Хорошо зная Афанасия, будучи убежден в его верности и даже публично «изволяя» видеть его во главе Церкви после кончины Адриана, Петр I тем не менее презрел протест патриарха против назначения на Крутицкую митрополию человека, явно неспособного к управлению многосложными духовными делами. Послание Адриана боярину Стрешневу датировано 13 июля 1699 г., а 23 июля патриарх принужден был перевести митрополита Трифиллия из Нижнего Новгорода в Москву.

Новый митрополит Сарский и Подонский, как и задумывалось, не смог выполнять свои обязанности, оставив бремя практической администрации на чиновниках патриарших ведомств, в сферу деятельности которых уже глубоко вторглась светская бюрократия. Немногим позже кончины Адриана Трифиллий тихо и незаметно ушел из жизни (28 июня 1701 г.). Ликвидация патриаршей власти, даже при параличном Адриане стоявшей заслоном на пути порабощения и разграбления Русской православной церкви крепостническим государством, готовилась заранее.
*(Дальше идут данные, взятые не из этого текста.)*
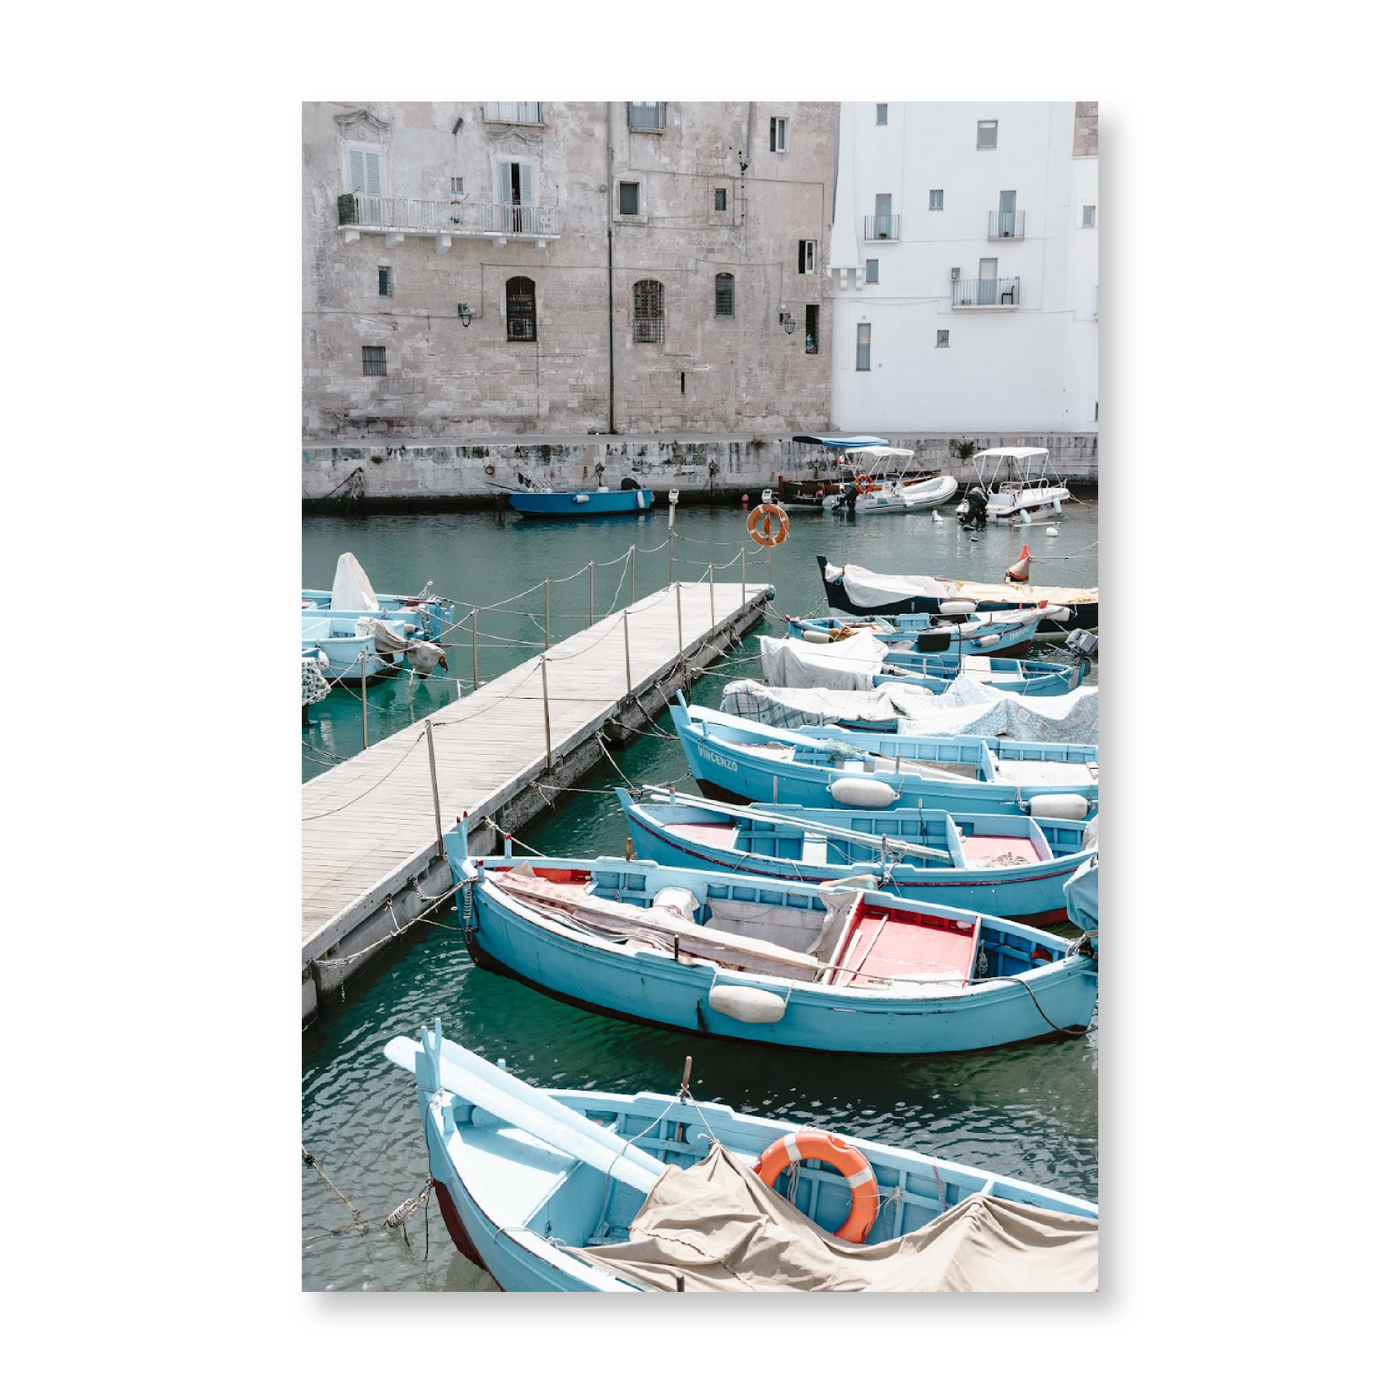 Boats In A Port in Puglia

Если светские чиновники еще сетовали на остатки власти в руках духовных администраторов, то царская власть начинала открыто действовать, совершенно не считаясь с самим архипастырем. Так, 23 мая 1698 г. патриарх Адриан грамотой епископу Игнатию приписал город Петровск к Тамбовской епархии. Однако митрополит Астраханский Сампсоний заручился поддержкой видного вельможи Б. А. Голицына — и указом Петра I от 20 октября (без уведомления патриарха) Петровск перешел к Астраханской епархии. В дальнейшем Адриан вынужден был подтверждать самовольный передел епархий царем.
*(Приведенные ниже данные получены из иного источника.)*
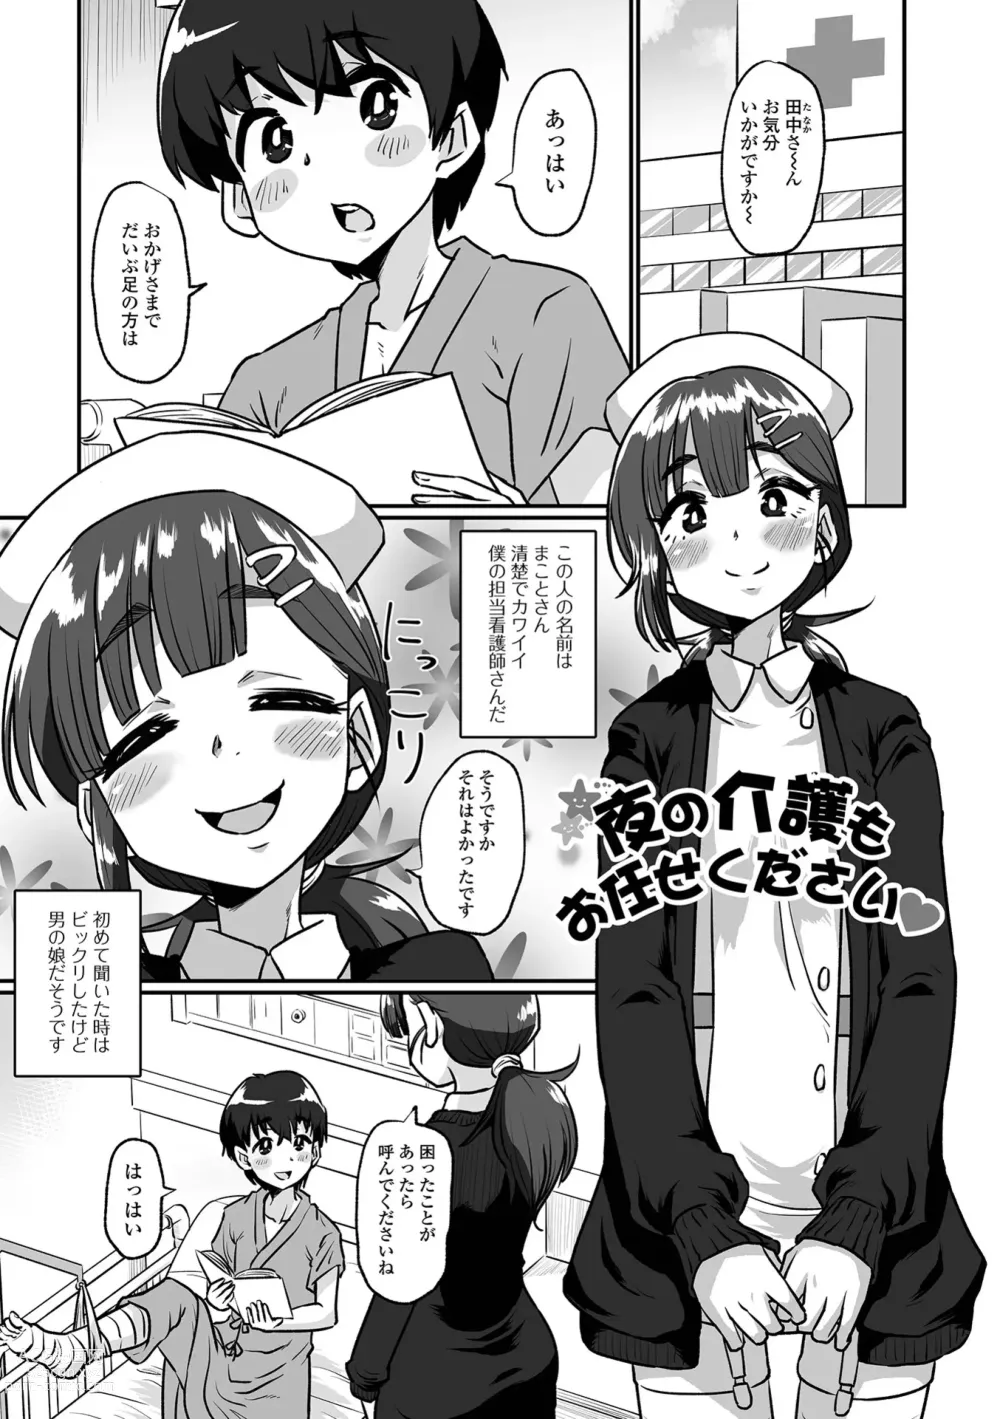 Page 83 of manga Kawaii Otokonoko wa Suki Desuka?

Не в силах противиться указам светской власти, Адриан не мог умереть, не противопоставив беззаконным разорителям хотя бы слово истины. «Суд святительский», напоминающий в условиях террора, «мздоимства великого и кражи государственной» (по выражению сподвижника Петра князя Б. И. Куракина) глас вопиющего в пустыне, стал духовным завещанием патриарха.